Introduction: Septic shock is represented by severe hemodynamic changes which are manifested with failure of organ systems and high mortality. Early diagnosis together with timely and appropriate treatment is important to attain better outcome.

Objectives: We reviewed the diagnostic approach of septic shock in relation to the microcirculatory abnormalities, novel biomarkers, monitoring, interventions, and therapy.

Methods: A narrative literature review was carried out using PubMed, MEDLINE and Google scholar search engines.
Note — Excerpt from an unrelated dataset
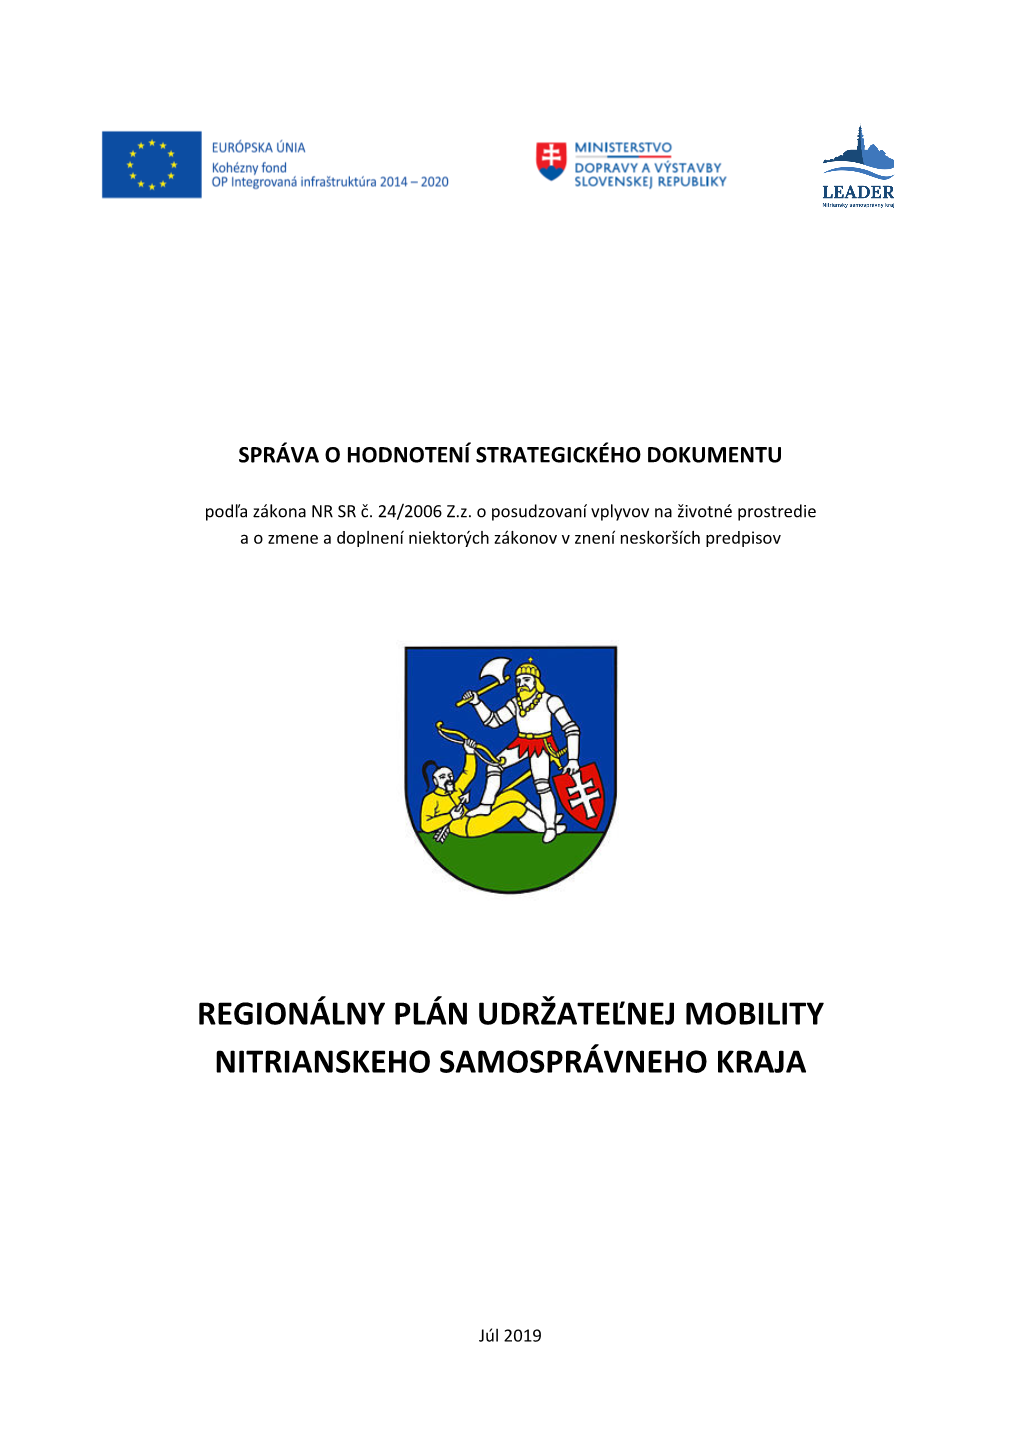 Regionálny Plán Udržateľnej Mobility Nitrianskeho Samosprávneho Kraja

Results: Septic shock is characterized by extensive microcirculatory alterations. These changes are diverse in nature and lead to inconsistency of response to various interventions. The severity of these abnormalities correlates with the patient prognosis. The pathophysiology of septic shock is highly complex which requires better understanding of disease progression and risk-stratification based on potential sepsis biomarkers such as lactic acid, procalcitonin, C-reactive protein, cytokines, and novel molecular markers. The newly identified candidate biomarkers include soluble Triggering Receptor Expressed on myeloid cells-1, presepsin, soluble urokinase-type Plasminogen Receptor and pro-adrenomedullin, but their clinical utilities still need to be validated by large prospective clinical trials. A number of promising therapies for the management of severe sepsis and septic shock has been proposed with potential implications.

Conclusion: It is crucial to improve microvascular perfusion through targeted interventions using patient-centred approach. Moreover, systems biology approach could play a promising role in understanding the immune complexity, characterization of gene expression patterns, and recognition of novel therapeutic targets which could be used as clinical decision making tool in the future.

Keywords: Septic shock, microcirculation, monitoring devices, biomarkers, metabolomics.